I played with SwinT and SwinB, and both of them gave 04%~0.5% lower top-1 accuracy than reported. They are still pretty neat but I just want to make sure I am not doing anything wrong.

Would you confirm that the models and the split files uploaded are the correct ones?

Also, if anyone has successfully reproduce it, please kindly comment here about whether there is anything else I need to do besides downloading the models and configs and run the test scripts.

Thanks,

hust-nj commented 3 years ago

Hi, before training and testing, the Kinetics400 training and validation datasets we use are preprocessed by making height of video 256, this may cause little difference. You can contact us by v-jianing@microsoft.com for discussing more details.

zehzhang commented 3 years ago

Facing the same problem. I use the annotation files in this repo and test the provided pretrain models without any extra modification. Swin-T and Swin-B achieved 78.4% and 80.1% top-1 accuracy on K400, which seemed slightly worse than the reported results. @zehzhang Have you resolved this issue?

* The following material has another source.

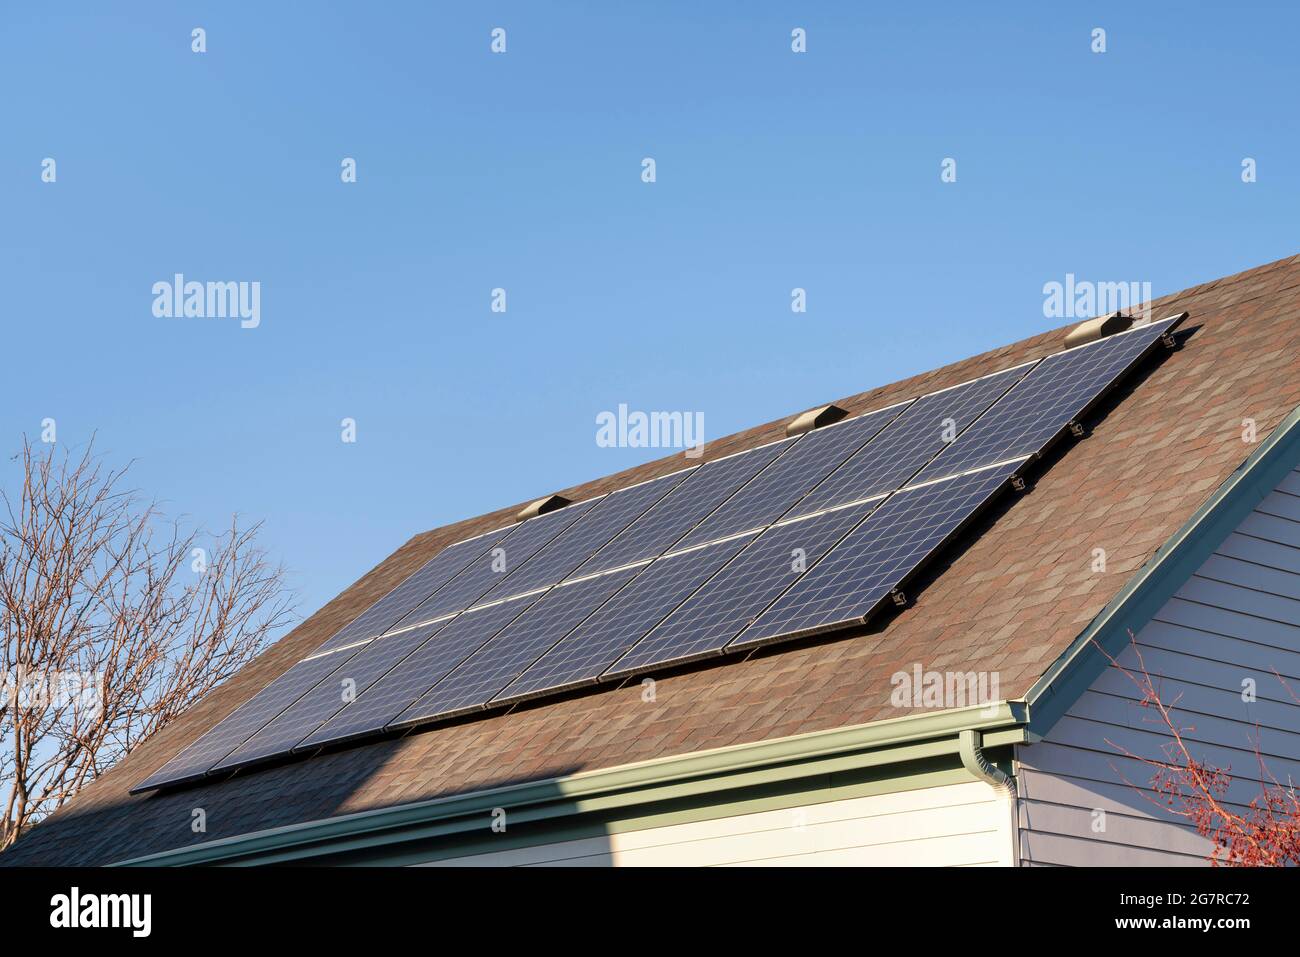 Des panneaux solaires sur le toit d'un asphalte se mêlent à la vue de branches sans feuilles et d'un ciel clair Banque D'Images

If so, could you please share your solution?

Thanks for confirming the problem. I got similar decrease with SwinT (-0.4% top1 acc) and SwinB pretrained on ImageNet21k (-0.5% top1 acc). I'm reaching out to the other first co-author (referred to by @hust-nj ) and hopefully will figure out what is going on soon. I will keep this thread updated.

hust-nj commented 3 years ago

After a careful comparison, we find out that the performance gap is due to the slight difference on data. Our kinetics-400 data with 256 resolution was obtained (with broken video removed) from nonlocal networks which was also used in many other series of works.

More details and data download link can be found here https://github.com/youngwanLEE/VoV3D/blob/main/DATA.md#kinetics-400, https://github.com/facebookresearch/video-nonlocal-net/issues/67

dragen1860 commented 2 years ago

@zehzhang Hi, Thanks for your issues. Do you train video-swin from scratch without imagenet-21k, did it drop severely? thank you.